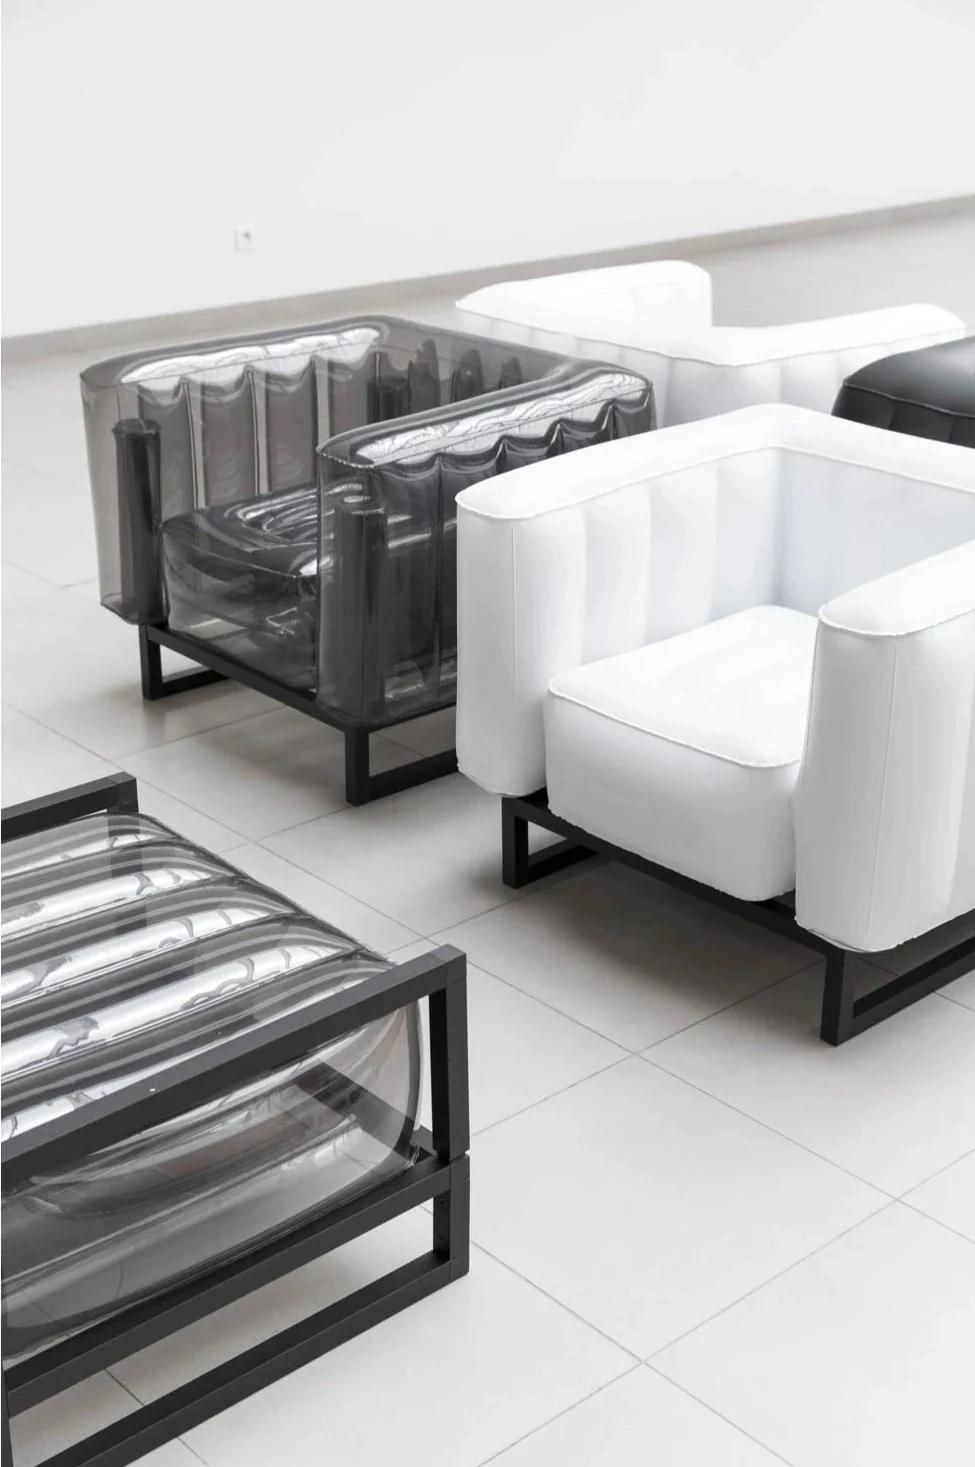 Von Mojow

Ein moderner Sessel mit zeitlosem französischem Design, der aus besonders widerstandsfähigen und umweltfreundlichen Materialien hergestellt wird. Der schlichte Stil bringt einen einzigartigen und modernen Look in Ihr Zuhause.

== == ==

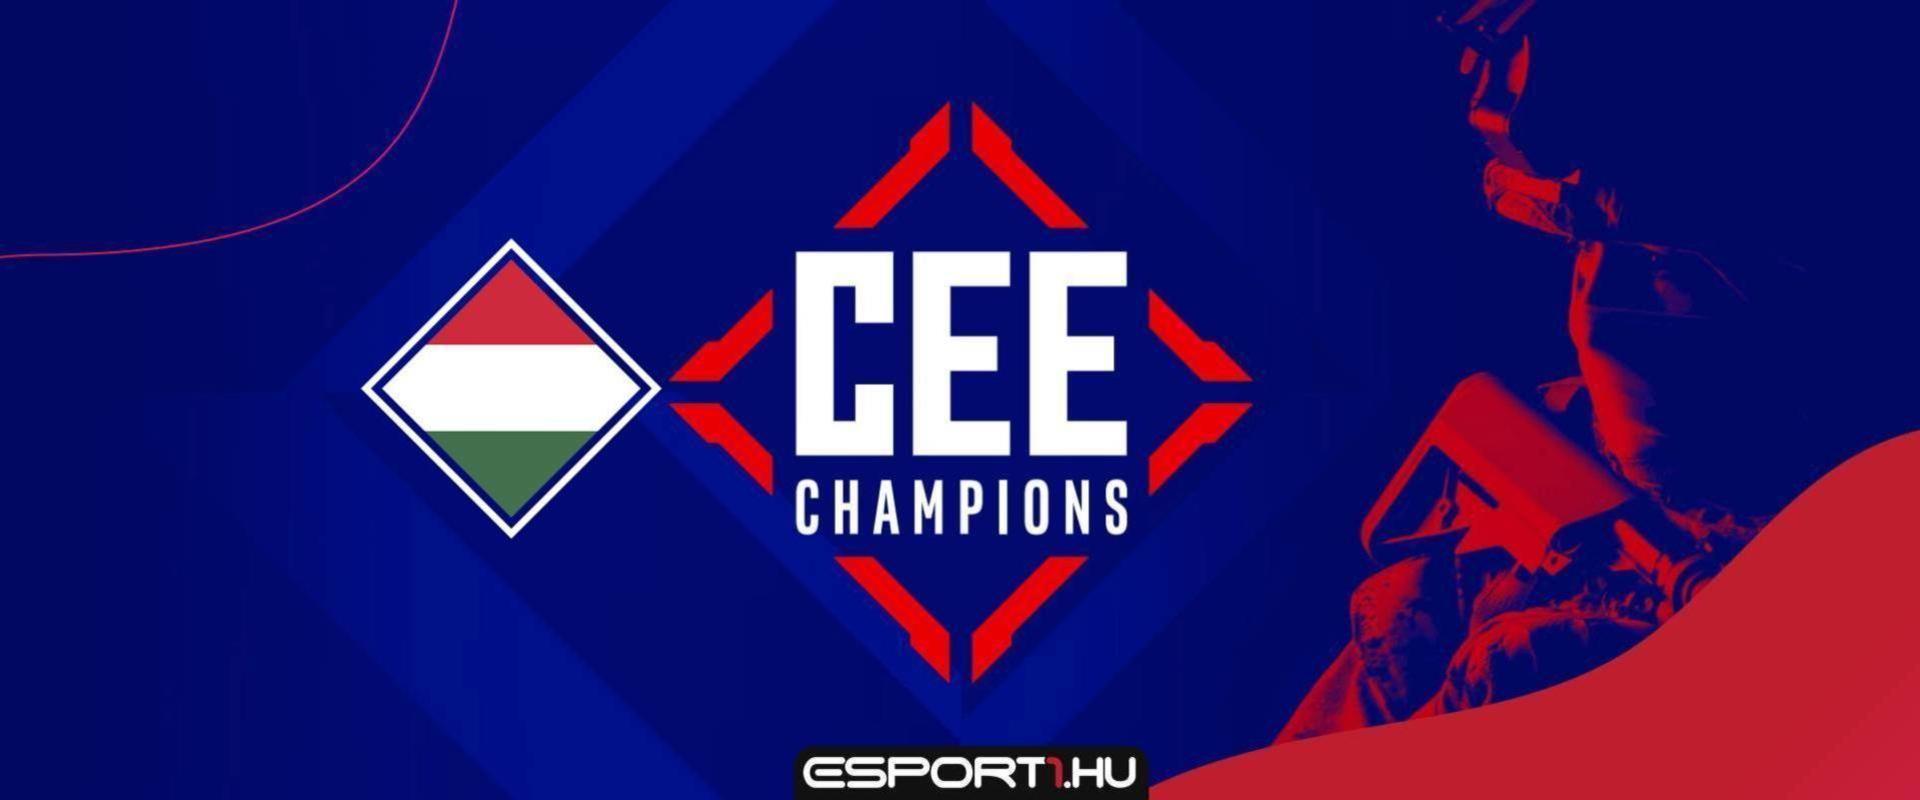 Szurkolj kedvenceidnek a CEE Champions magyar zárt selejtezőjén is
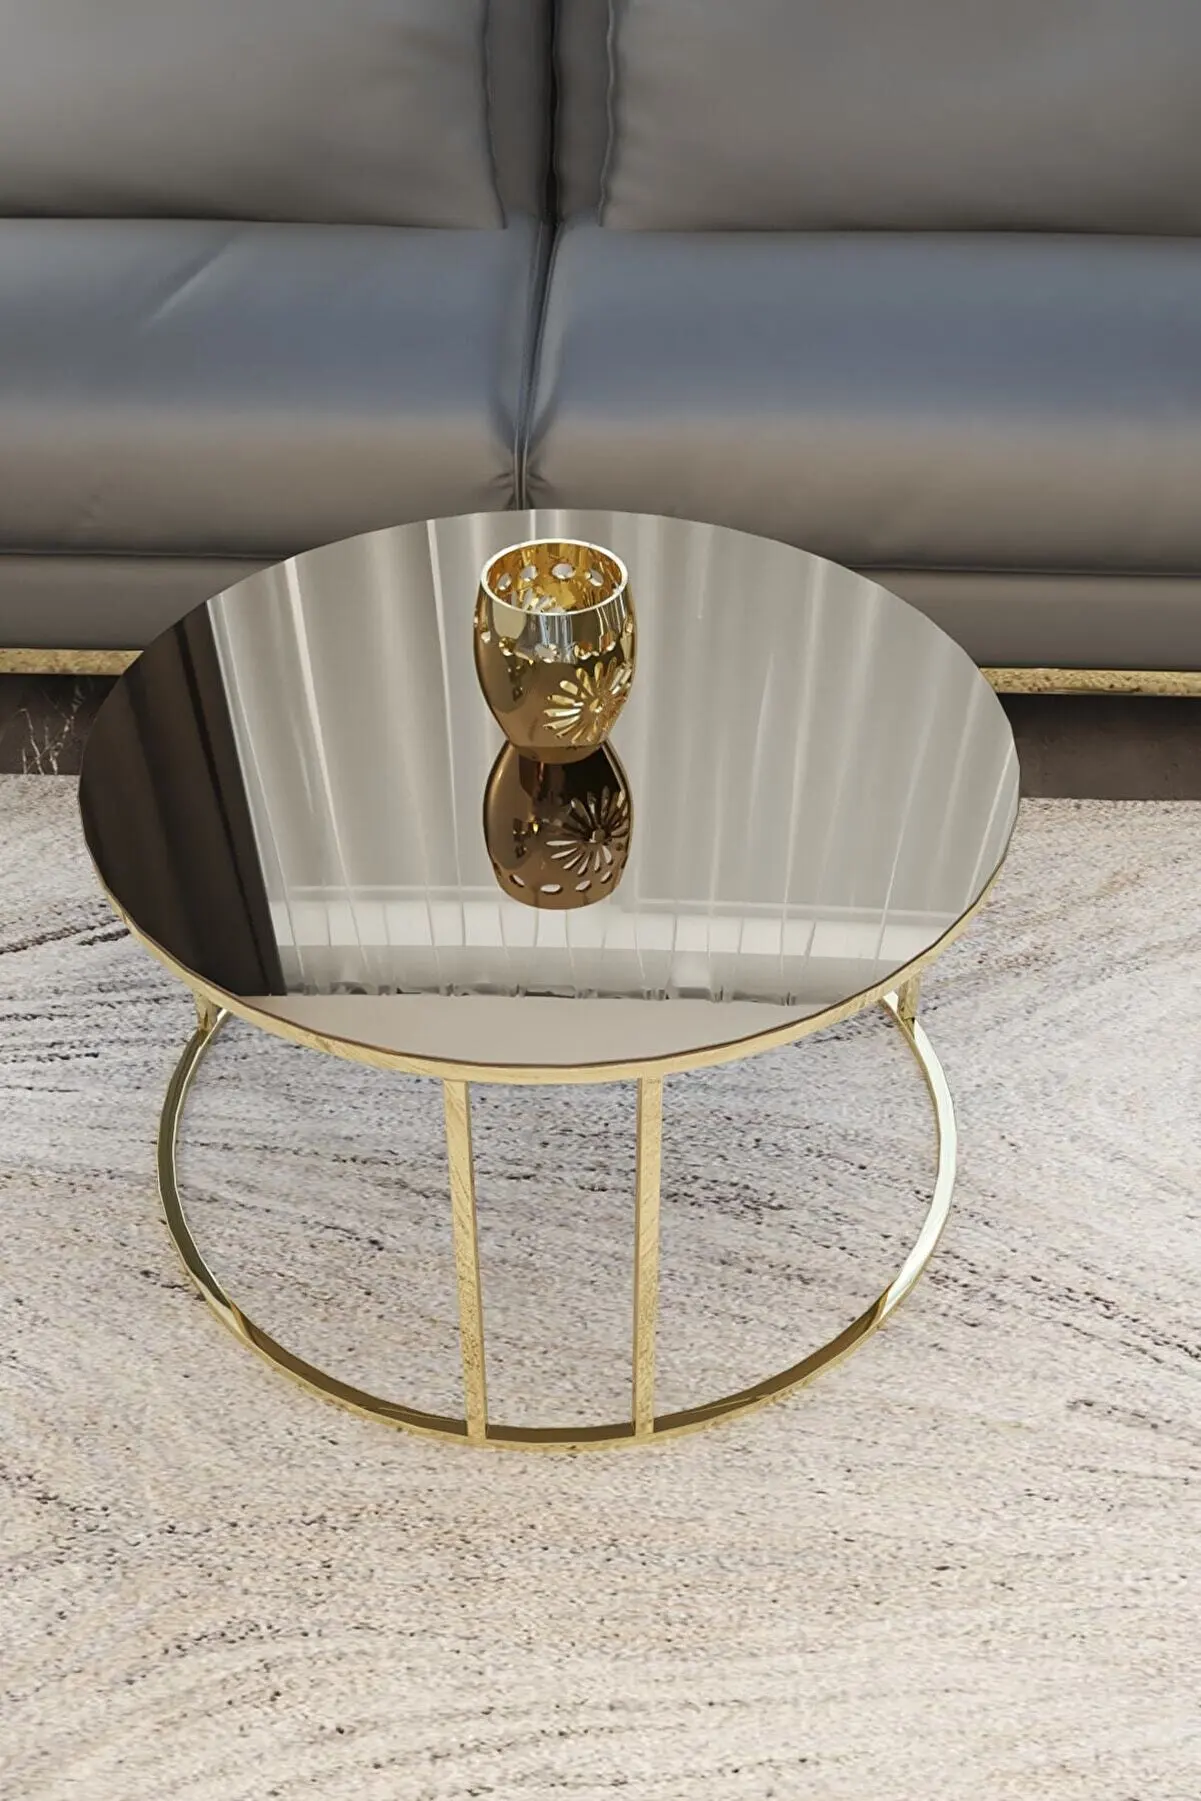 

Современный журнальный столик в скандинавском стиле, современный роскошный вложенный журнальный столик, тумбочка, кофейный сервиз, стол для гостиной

== == ==

[Task statement]:
In the listing above, find the line holding "Szurkolj kedvenceidnek a" and the line holding "Современный журнальный столик". Reproduce those two lines and all between them exactly, leaving out pictures.

[Output]:
 Szurkolj kedvenceidnek a CEE Champions magyar zárt selejtezőjén is

Современный журнальный столик в скандинавском стиле, современный роскошный вложенный журнальный столик, тумбочка, кофейный сервиз, стол для гостиной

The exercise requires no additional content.